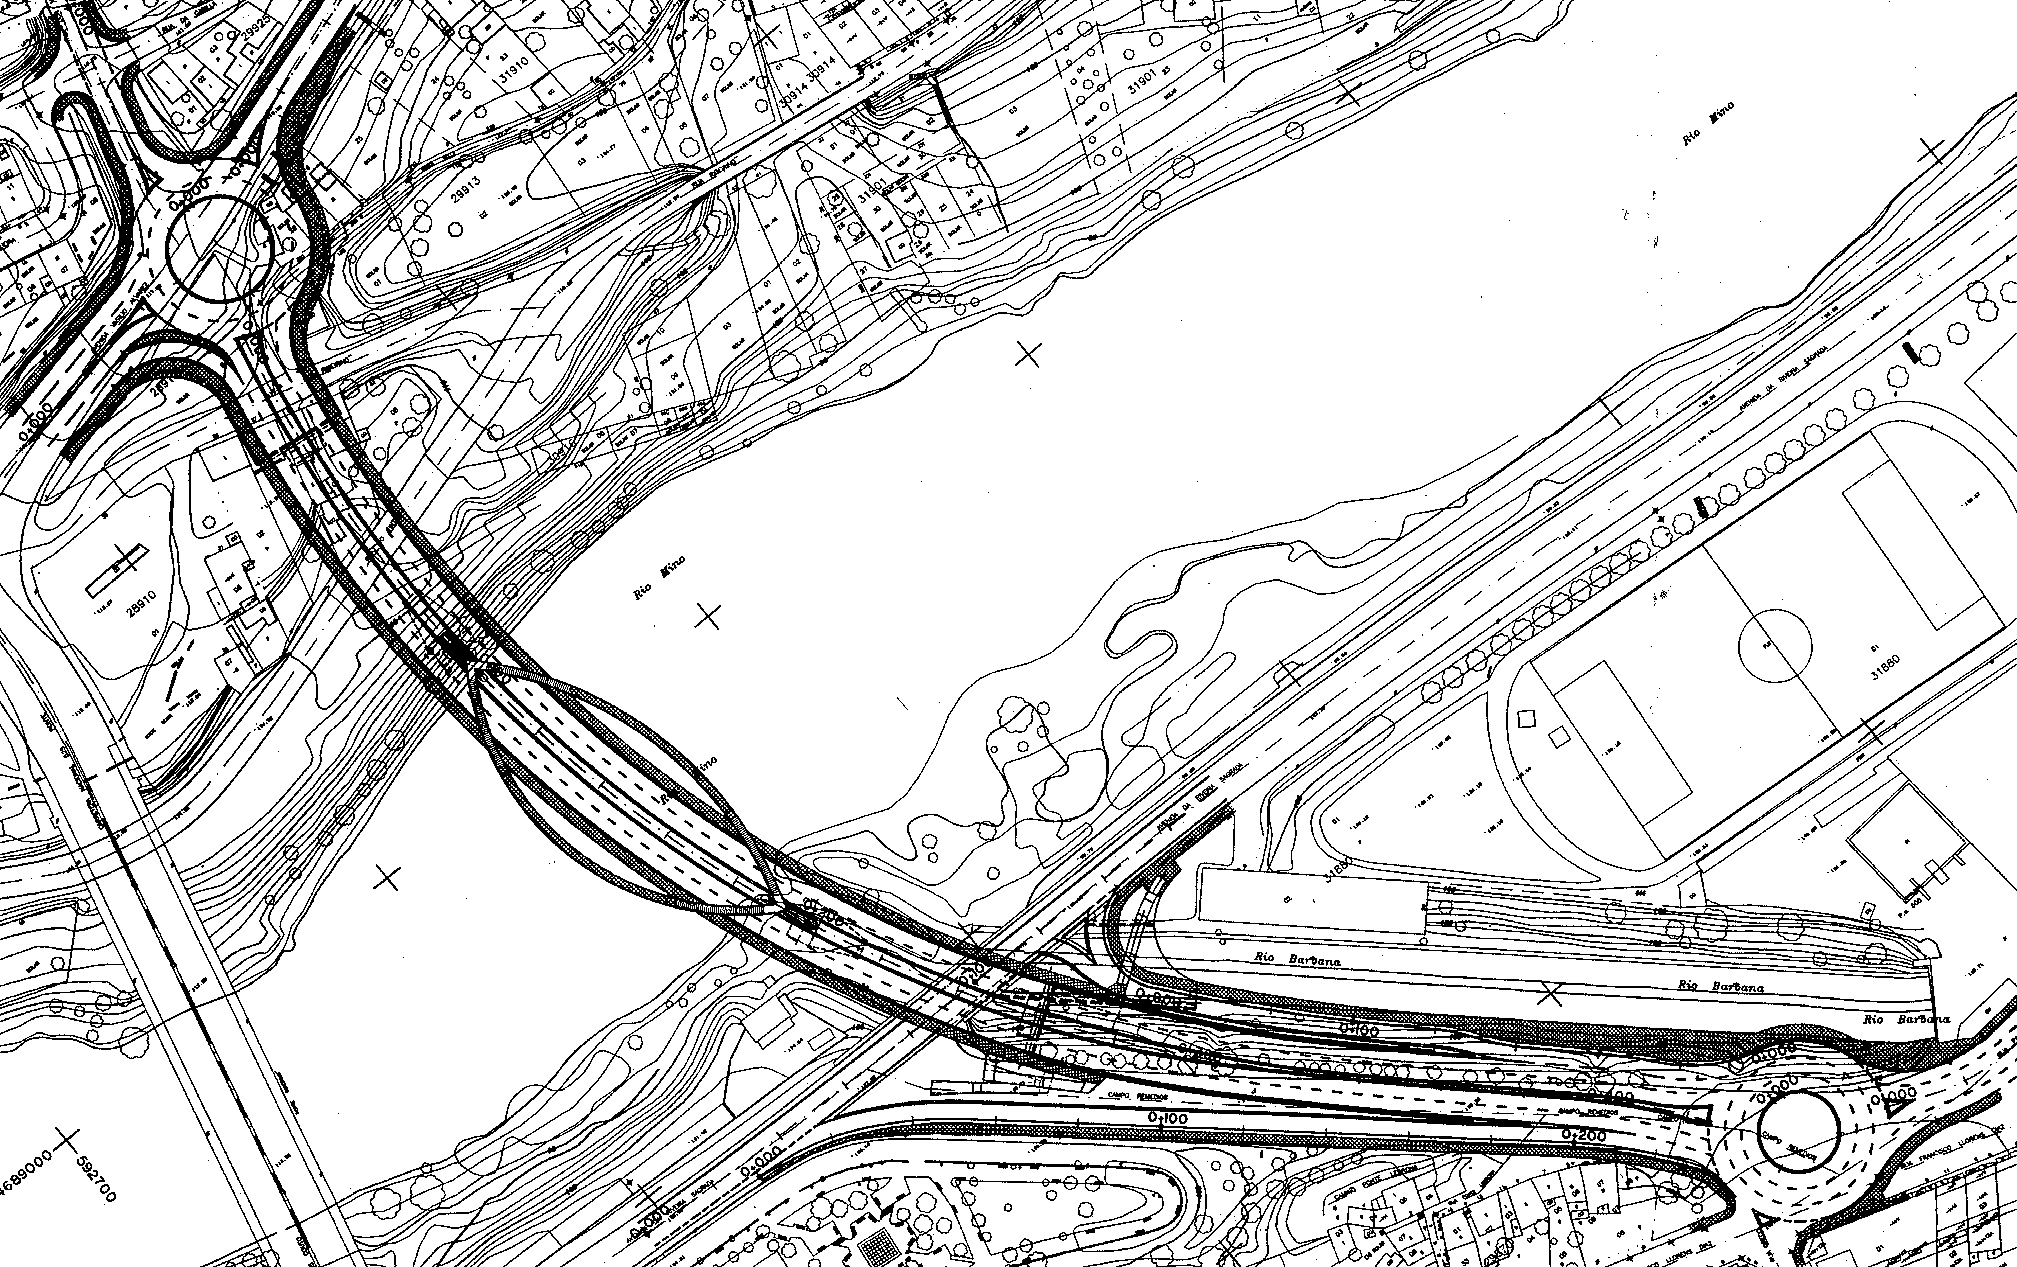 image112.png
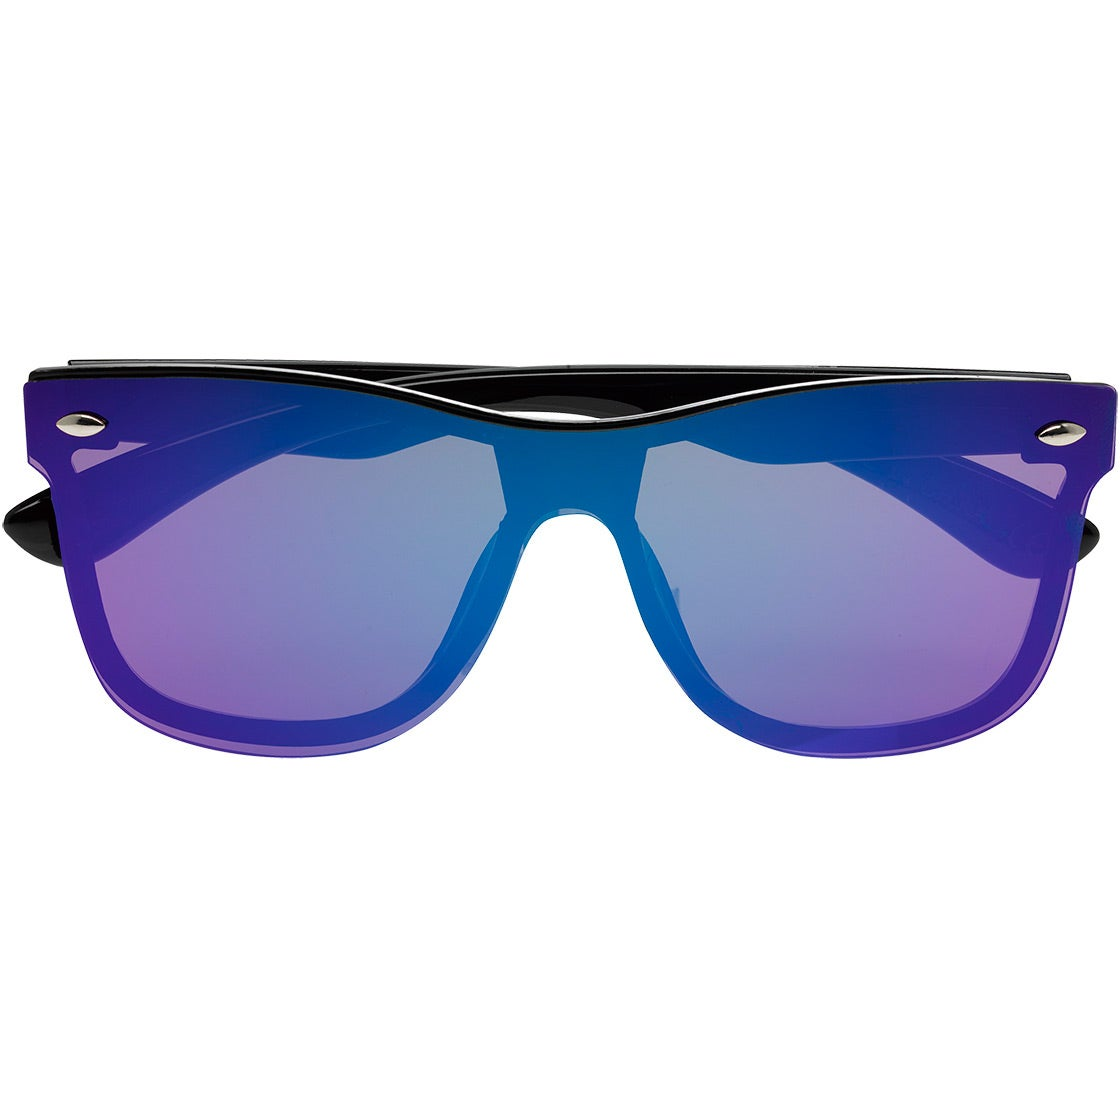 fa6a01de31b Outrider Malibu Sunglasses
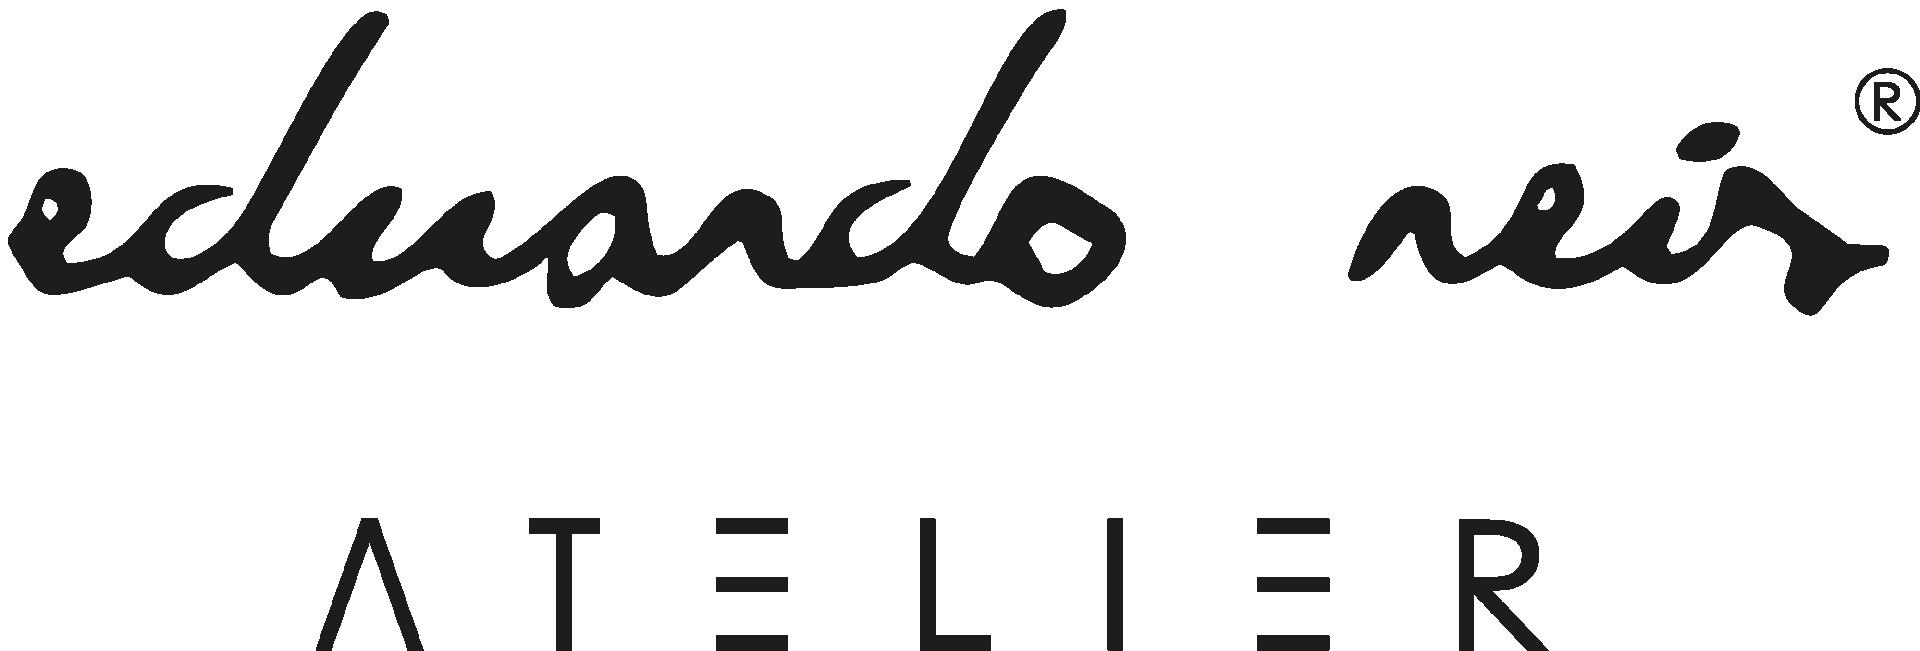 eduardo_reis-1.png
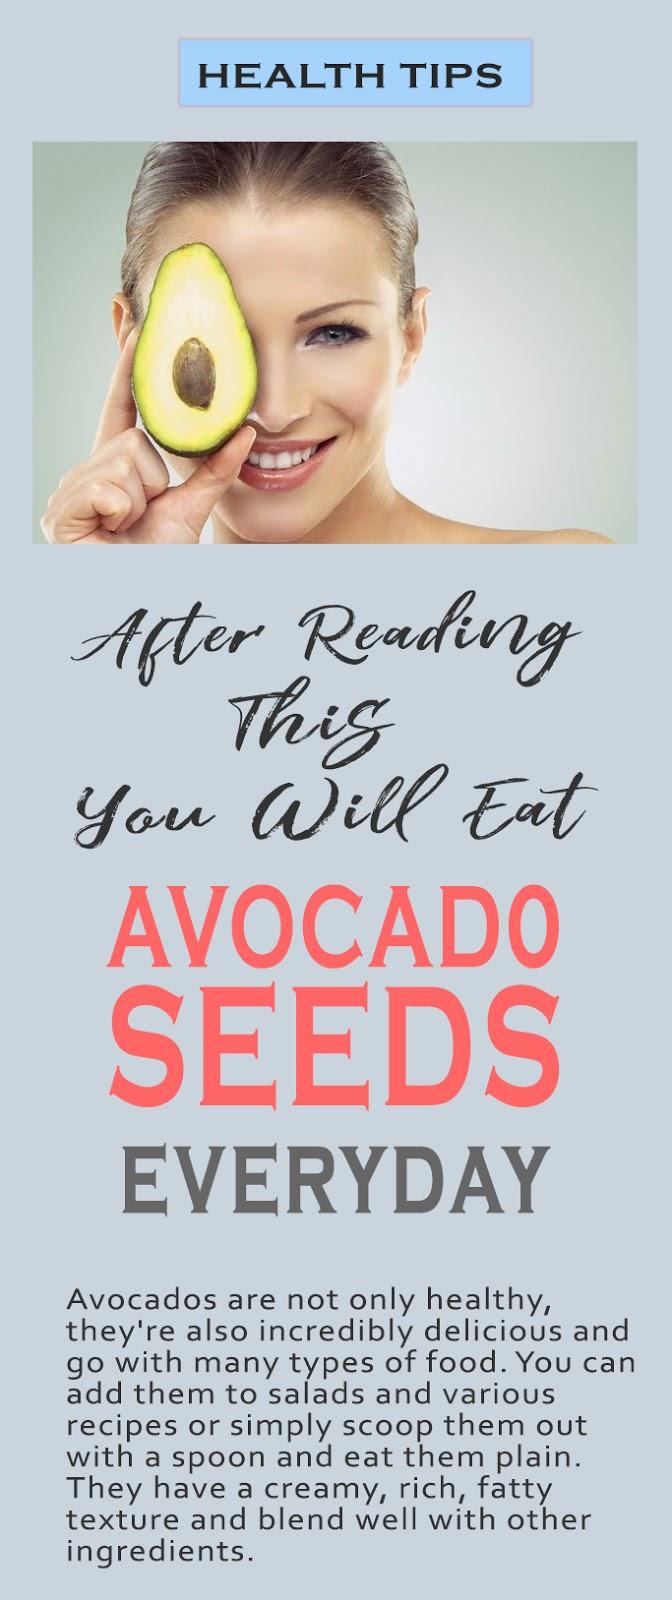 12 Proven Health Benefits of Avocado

::::

**Directions for this task:** The data above must be written out again word for word, without its pictures.

**Result:**
 image112.png
 fa6a01de31b Outrider Malibu Sunglasses
 eduardo_reis-1.png
 12 Proven Health Benefits of Avocado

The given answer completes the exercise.